Strategic Implications

For stakeholders, understanding the evolving competitive landscape, regulatory environment, and market forces informs pricing strategies, market entry plans, and investment decisions for NDC 54766-0772. Emphasizing clinical differentiation and optimal value demonstration will be pivotal amid increasing competition.


Key Takeaways

  • The current market for NDC 54766-0772 is characterized by growth potential, driven by unmet needs and expanding indications.
  • Short-term pricing remains stable but is expected to decline gradually due to biosimilar and generic competition over the next 3–5 years.
  • Long-term projections forecast significant price reductions, emphasizing the importance of strategic planning for patent lifecycle and lifecycle management.
  • Market success depends on regulatory positioning, reimbursement strategies, and clinical advantage demonstration.
  • Stakeholders should actively monitor patent and regulatory developments to optimize pricing and market positioning.

FAQs

Q1: When is the patent for NDC 54766-0772 expected to expire?
A: Patent expiration is projected for [insert year], after which biosimilar or generic competition is likely to influence pricing.

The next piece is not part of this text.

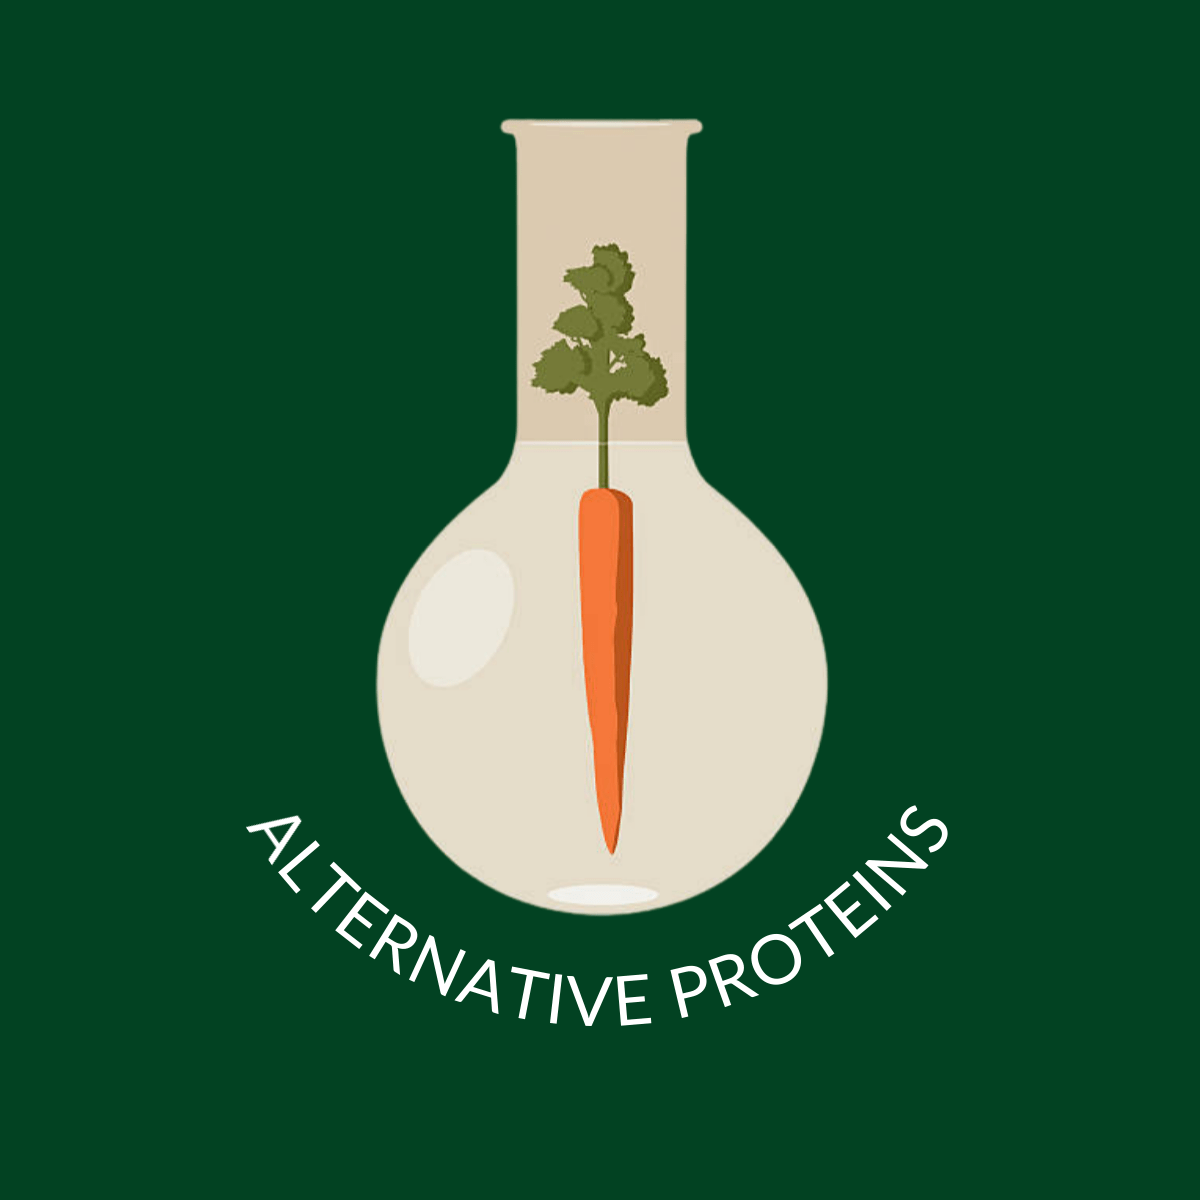 Alternative Protein Innovation

Q2: What are the primary drivers of price reductions in this therapeutic class?
A: Patent expirations, increased competition from biosimilars/generics, payer negotiations, and cost-containment strategies drive downward price adjustments.

Q3: How can manufacturers preserve premium pricing despite anticipated competition?
A: By demonstrating superior efficacy, new indications, improved safety profiles, or value-based benefits to payers and providers.

Q4: What impact will regulatory approvals of additional indications have on pricing?
A: Additional approvals often enable higher pricing due to expanded market potential and enhanced clinical value.

Q5: How does market penetration impact future pricing?
A: Higher market penetration and formulary inclusion strengthen pricing leverage, while limited adoption can pressure prices downward.


References

  1. Market Research Future. "Global Autoimmune Disease Therapeutics Market Analysis." 2022.
  2. EvaluatePharma. "Pharmaceutical Market Intelligence Report." 2023.
  3. U.S. FDA. "Drug Approvals and Patent Data." 2023.
  4. IQVIA. "U.S. Prescription Drug Market Trends." 2022.
  5. Bloomberg Intelligence. "Biosimilar Competition and Industry Outlook." 2023.

Disclaimer: This analysis synthesizes publicly available data and market intelligence to project future trends. Actual prices and market conditions are subject to change based on regulatory, competitive, and macroeconomic factors.